Professor for Economics, ETH Zurich

Renate Schubert is a professor for economics at the Swiss Federal Institute for Technology in Zürich (ETHZ). She is author of numerous articles and books o n decision-making under risk and uncertainty, on energy and environmental issues, on developing countries’ problems as well as on gender issues. By means of experiments and other empirical methods she tries to explain seemingly non-rational behavior and to lay the grounds for ways to improve welfare. Renate Schubert had been head of the Centre for Economic Research at ETHZ. In July 2007 she founded the Institute for Environmental Decisions (IED) which she headed until 2014. She has been member and chair of National Research Councils as well as Government and University Advisory Boards in several countries.
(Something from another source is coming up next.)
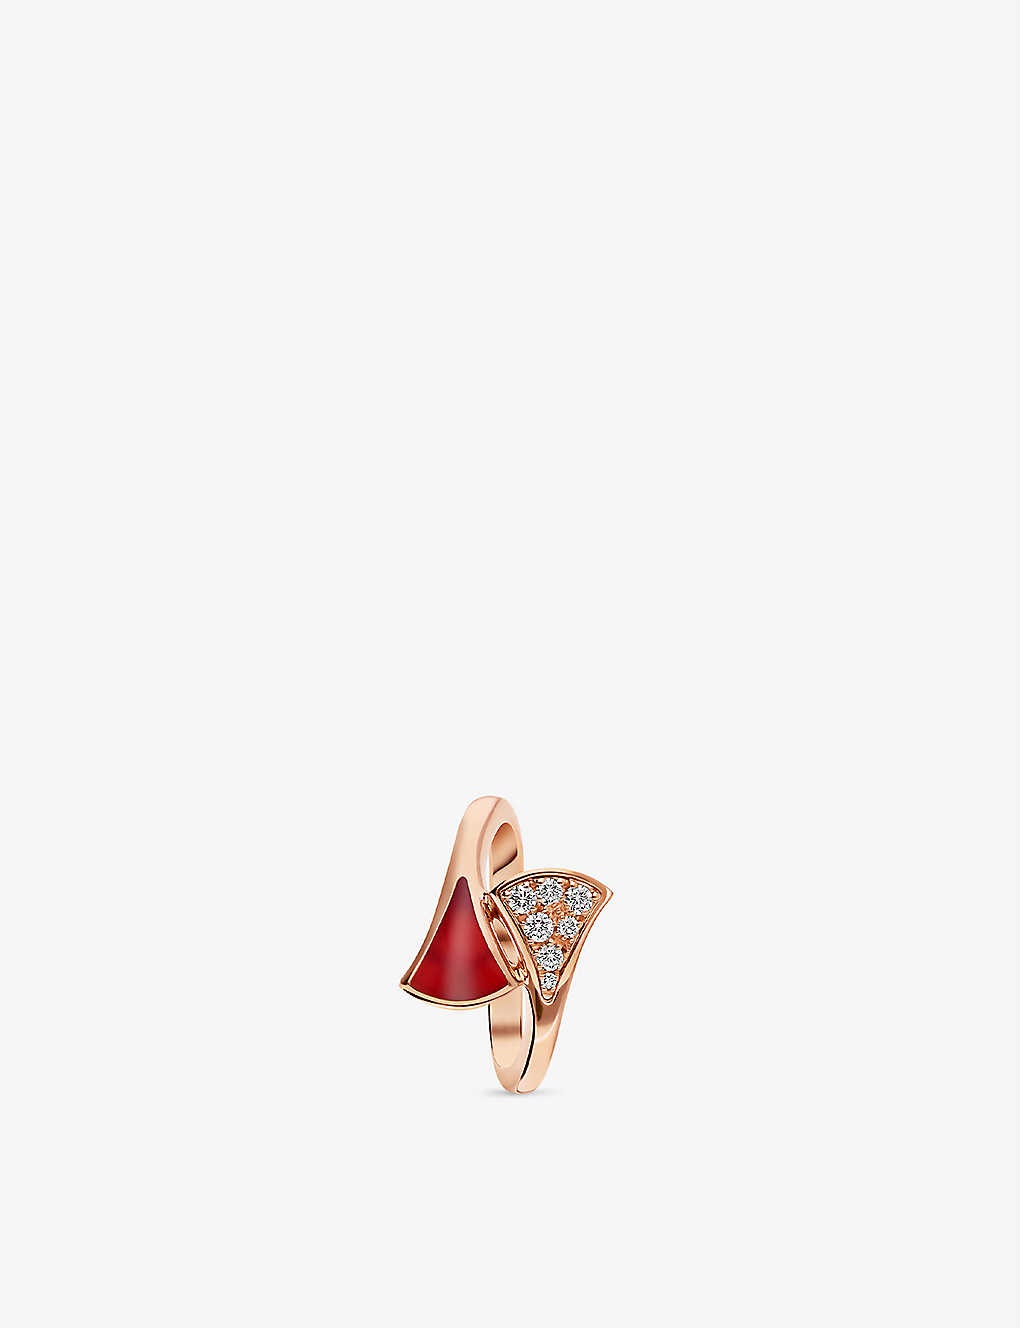 Diva's Dream 18ct rose-gold, carnelian and 0.08ct brilliant-cut diamond ring - 2
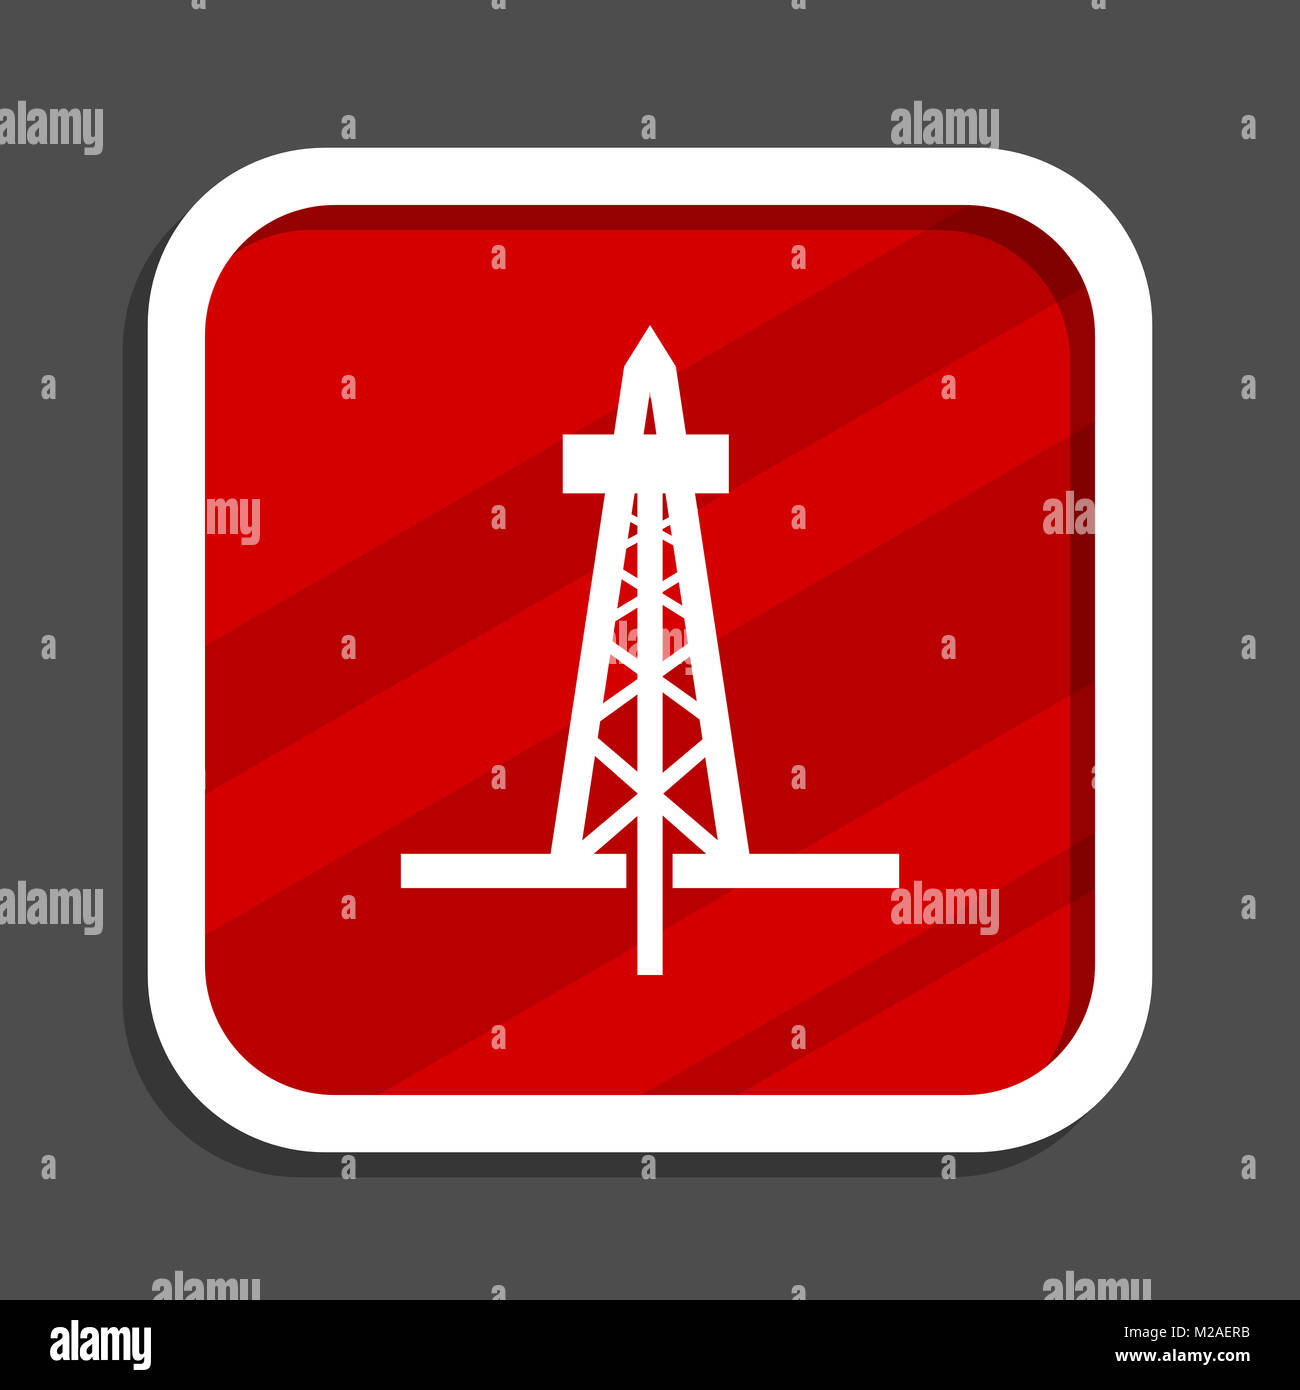 Drilling icon. Flat design square internet banner. Stock Photo

She is a principal investigator in the FRS part of the Singapore- ETH Center.

Kevin Schawinski

Kevin Schawinski

Professor of galaxy and black hole astrophysics, ETH Zurich

 

Kevin Schawinski (born 1981) is Professor of galaxy and black hole astrophysics at ETH Zurich and the co-founder of the Galaxy Zoo online citizen science project, which has engaged over half a million people in scientific research. His research focuses on the impact of the energy released by black hole growth on the formation and evolution of galaxies and discovering the ultimate origin of supermassive black holes in the Universe. After completing his D.Phil in three years at Oxford University, for which he won the Royal Astronomical Society's thesis prize, he moved to Yale University and won a NASA Einstein Fellowship. He has now returned to Switzerland as an SNF professor. He a passionate supporter of public involvement in scientific research.